As noted earlier this week, Blizzard Entertainment (World of Warcraft, Starcraft, Diablo) announced that they were going to force everyone who posted on the official game forums to be identified with their real first and last names. Ostensibly done to reduce the number of rude, obnoxious and other such postings by not allowing players to hide behind a veil of anonymity, the changes would make it very, very easy for other people to obtain real-world information about other players.

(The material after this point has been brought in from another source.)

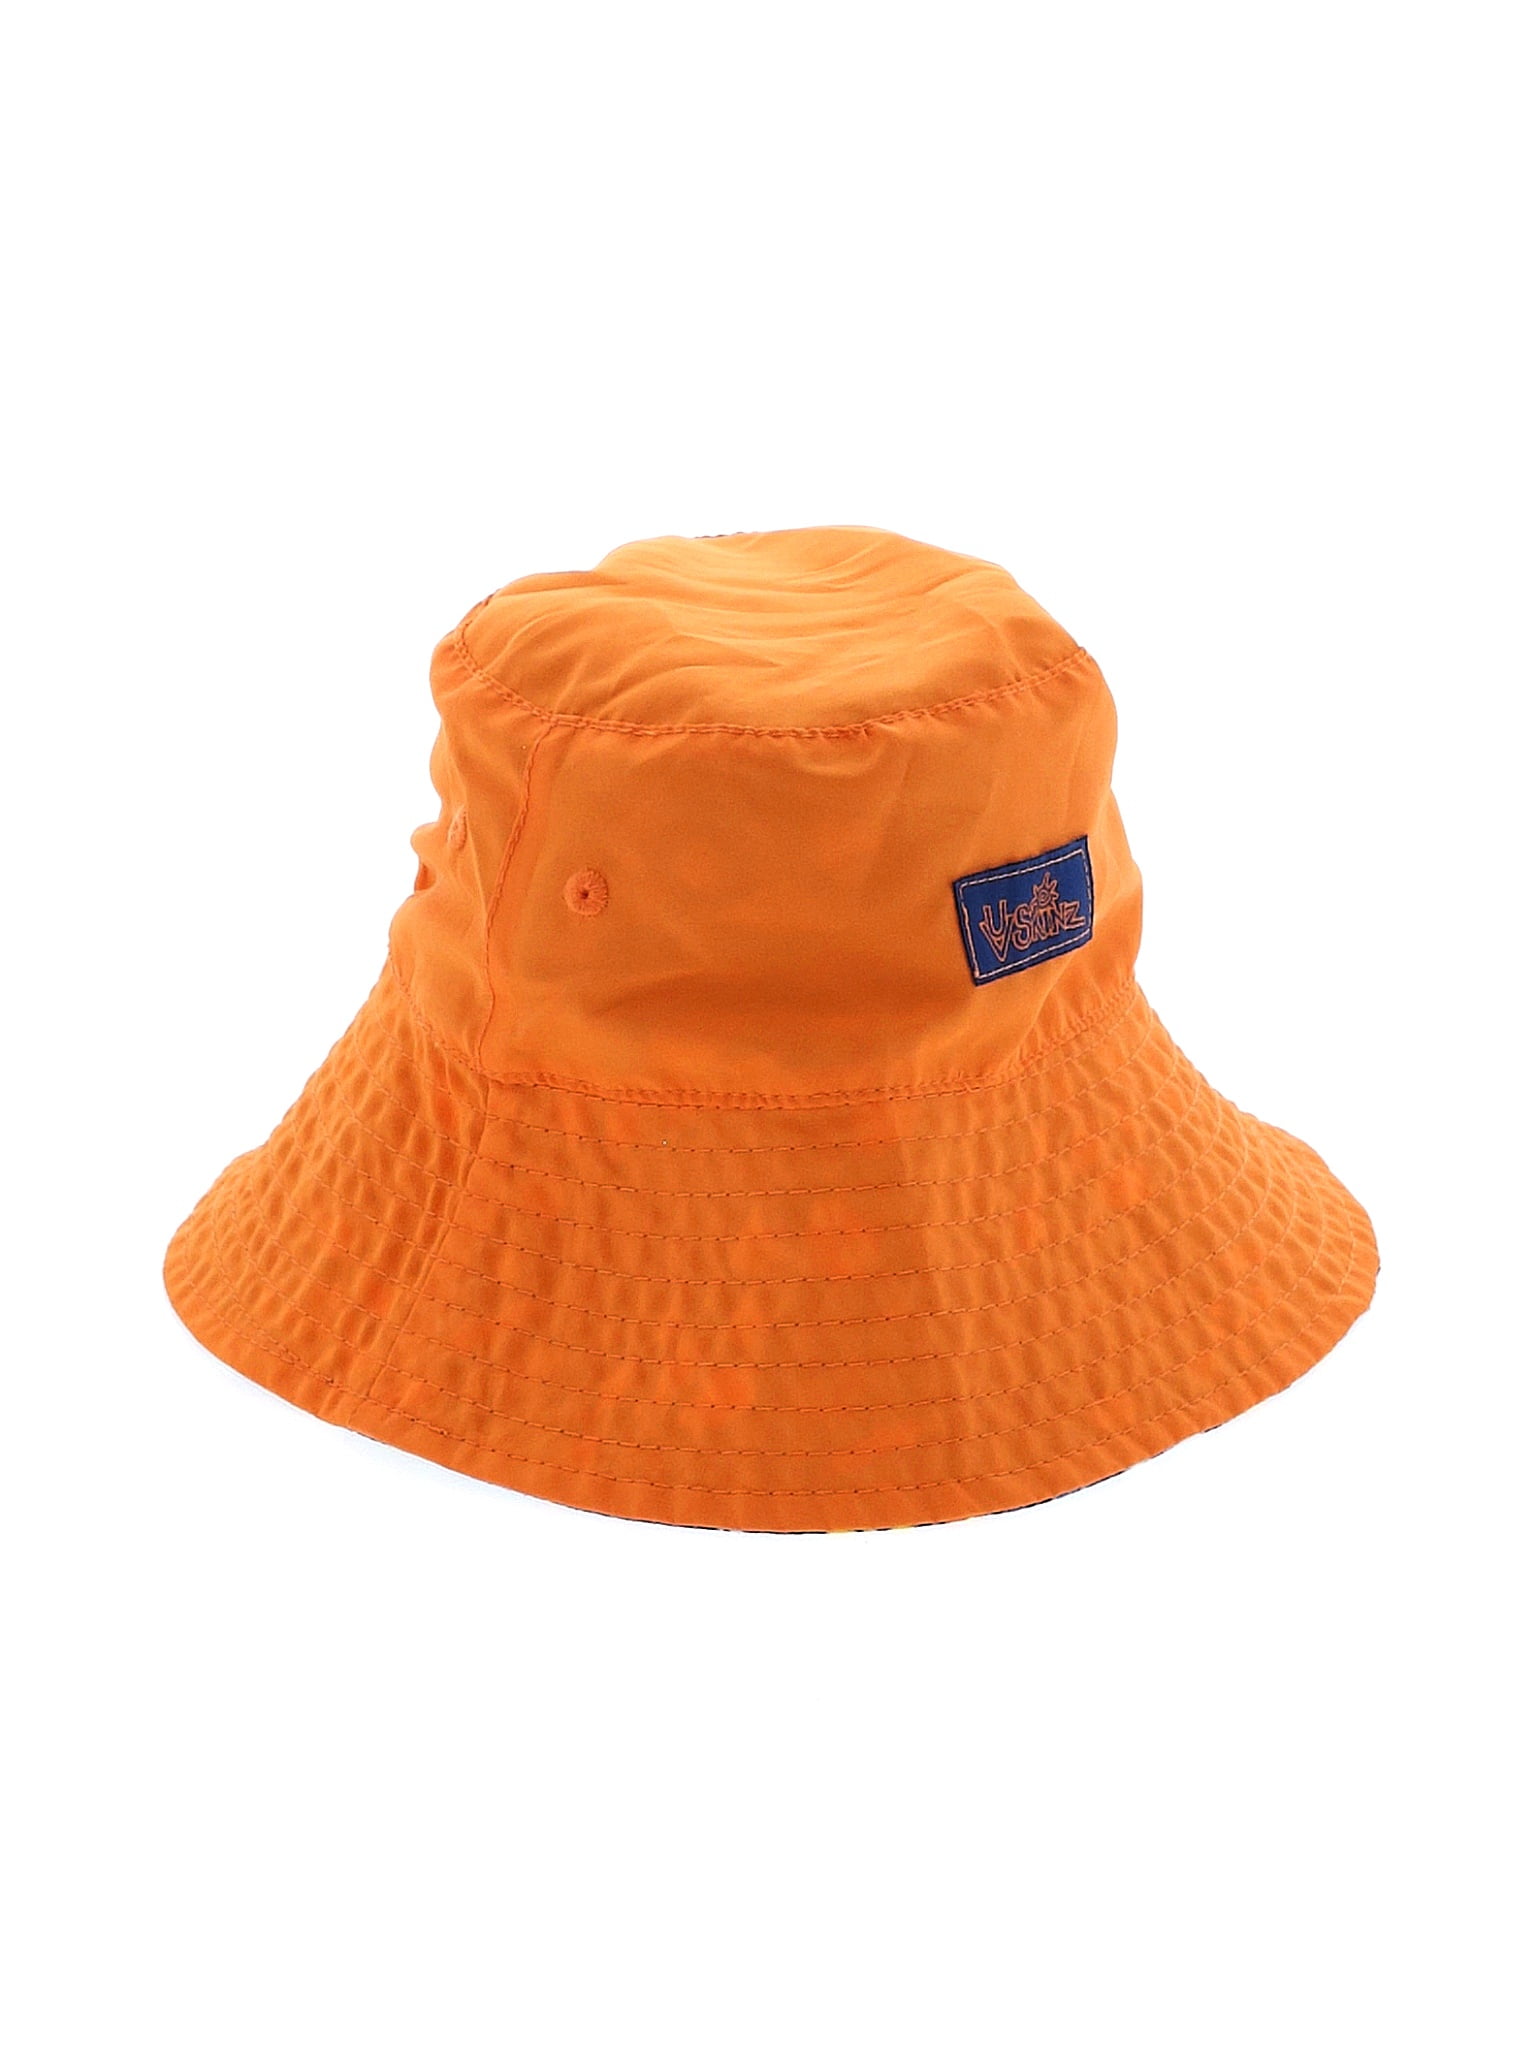 UV Skinz Boys Orange Bucket Hat 12-18 Months
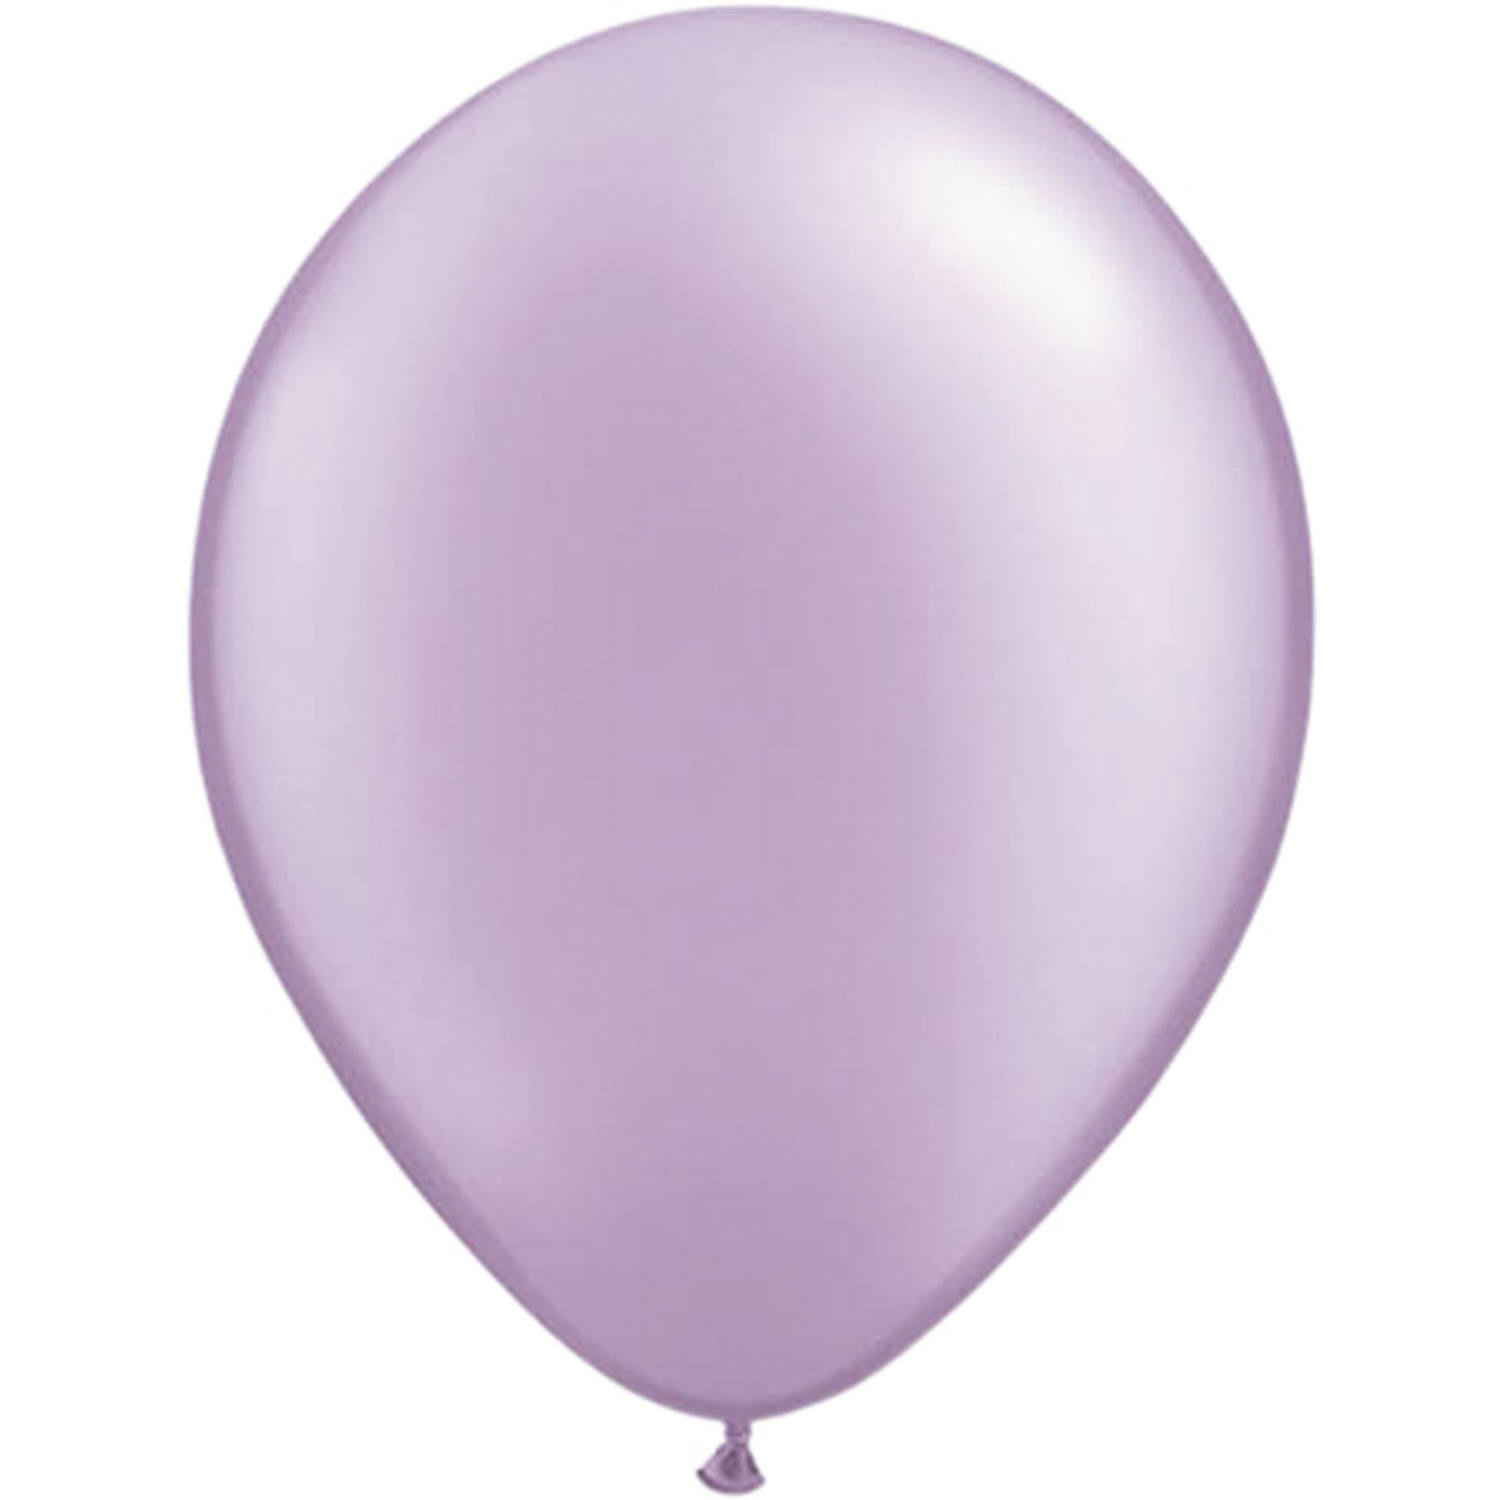 Op en neer gaan JEP Humoristisch Goedkope Lavendel Paarse Metallic Ballonnen Online Kopen - Feestartikelen &  Versiering - Feestartikelen Specialist

After much outcry (almost 50,000 posts on the subject in less than 3 days!), and no few examples of why this is was a bad move, Blizzard announced Friday morning that they were stepping back from the proposed change. Blizzard Community Manager “Nethaera” posted the following message from Blizzard CEO and co-founder Mike Mohraime:
Hello everyone,I’d like to take some time to speak with all of you regarding our desire to make the Blizzard forums a better place for players to discuss our games. We’ve been constantly monitoring the feedback you’ve given us, as well as internally discussing your concerns about the use of real names on our forums. As a result of those discussions, we’ve decided at this time that real names will not be required for posting on official Blizzard forums.
…
You can read the rest of the message from Mr. Morhaime on the official Blizzard WoW forums.
I am personally glad that they have backed away from the stance. I appreciate their stated reasoning behind wanting to make people post messages under their true names instead of some pseudonym. People are more likely to avoid posting rude, obnoxious and assaultive messages if they have to sign their own name to them. At least, that’s the thinking. Some of the more passionate trolls would still persist, I have no doubt.
However, the risk of abuse for the innocent message board members in such a system is too high, as one person was able to easily show with about 15-20 minutes of searching. On the blog “What’s in a name?”, the author uses public information searches on the internet to show just how much is available if all you know is someone’s first and last name.
From the wedding albums of Blizzard employees (turns out that Mr. Morhaime had that message posted on Friday, during his honeymoon … now that’s dedication!), to where their homes are located and how much those homes are worth, to where their children go to school, to the Facebook pages of their spouses. Yeah, folks, it’s all there. All you need to do is know someone’s name.
I do notice that the pictures of the Blizzard coder and his new wife have been taken down. Also, I see that several of the Blizzard employees have now removed all the information on their Facebook profiles as well as either deleting or password-protecting their personal websites and blogs. They must not have liked having millions of irritated people reading their wedding diary, or reading about what television shows and bands their wife likes …
I find it ironic that Blizzard should dislike people looking up such personal information about them when it is solely based on the the same things they want to make available to everyone.
“The lady doth protest too much, methinks” – Shakespeare.